__THE PROBLEM__
In the records below, begin at the line that has "Chateau La Fleur" and stop after the line that has "Opettajien ja henkilökunnan"; quote those lines verbatim and nothing more.

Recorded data
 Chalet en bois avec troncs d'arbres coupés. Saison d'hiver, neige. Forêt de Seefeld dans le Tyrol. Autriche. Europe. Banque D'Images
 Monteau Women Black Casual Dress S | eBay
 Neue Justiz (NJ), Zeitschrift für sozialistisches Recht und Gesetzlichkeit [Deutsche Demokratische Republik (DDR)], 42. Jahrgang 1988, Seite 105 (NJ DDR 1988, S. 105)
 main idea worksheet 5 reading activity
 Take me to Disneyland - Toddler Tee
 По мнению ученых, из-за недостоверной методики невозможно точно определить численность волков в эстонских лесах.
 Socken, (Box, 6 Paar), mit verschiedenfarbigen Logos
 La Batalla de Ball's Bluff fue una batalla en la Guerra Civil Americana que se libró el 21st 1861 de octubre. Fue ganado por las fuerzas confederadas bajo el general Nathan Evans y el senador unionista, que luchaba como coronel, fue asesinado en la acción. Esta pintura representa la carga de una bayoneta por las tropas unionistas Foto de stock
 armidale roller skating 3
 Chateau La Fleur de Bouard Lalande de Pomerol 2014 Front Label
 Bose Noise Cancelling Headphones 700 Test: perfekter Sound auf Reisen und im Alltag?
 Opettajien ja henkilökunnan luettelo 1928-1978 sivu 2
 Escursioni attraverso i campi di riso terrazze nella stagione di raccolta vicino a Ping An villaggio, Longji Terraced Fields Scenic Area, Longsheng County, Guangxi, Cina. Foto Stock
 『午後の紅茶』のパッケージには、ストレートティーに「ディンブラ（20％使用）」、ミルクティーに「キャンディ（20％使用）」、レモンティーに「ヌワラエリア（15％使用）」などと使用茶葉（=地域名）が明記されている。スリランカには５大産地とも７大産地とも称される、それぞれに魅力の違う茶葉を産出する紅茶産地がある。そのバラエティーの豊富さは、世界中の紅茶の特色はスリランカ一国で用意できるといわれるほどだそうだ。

__RESULT OF THE TASK__
 Chateau La Fleur de Bouard Lalande de Pomerol 2014 Front Label
 Bose Noise Cancelling Headphones 700 Test: perfekter Sound auf Reisen und im Alltag?
 Opettajien ja henkilökunnan luettelo 1928-1978 sivu 2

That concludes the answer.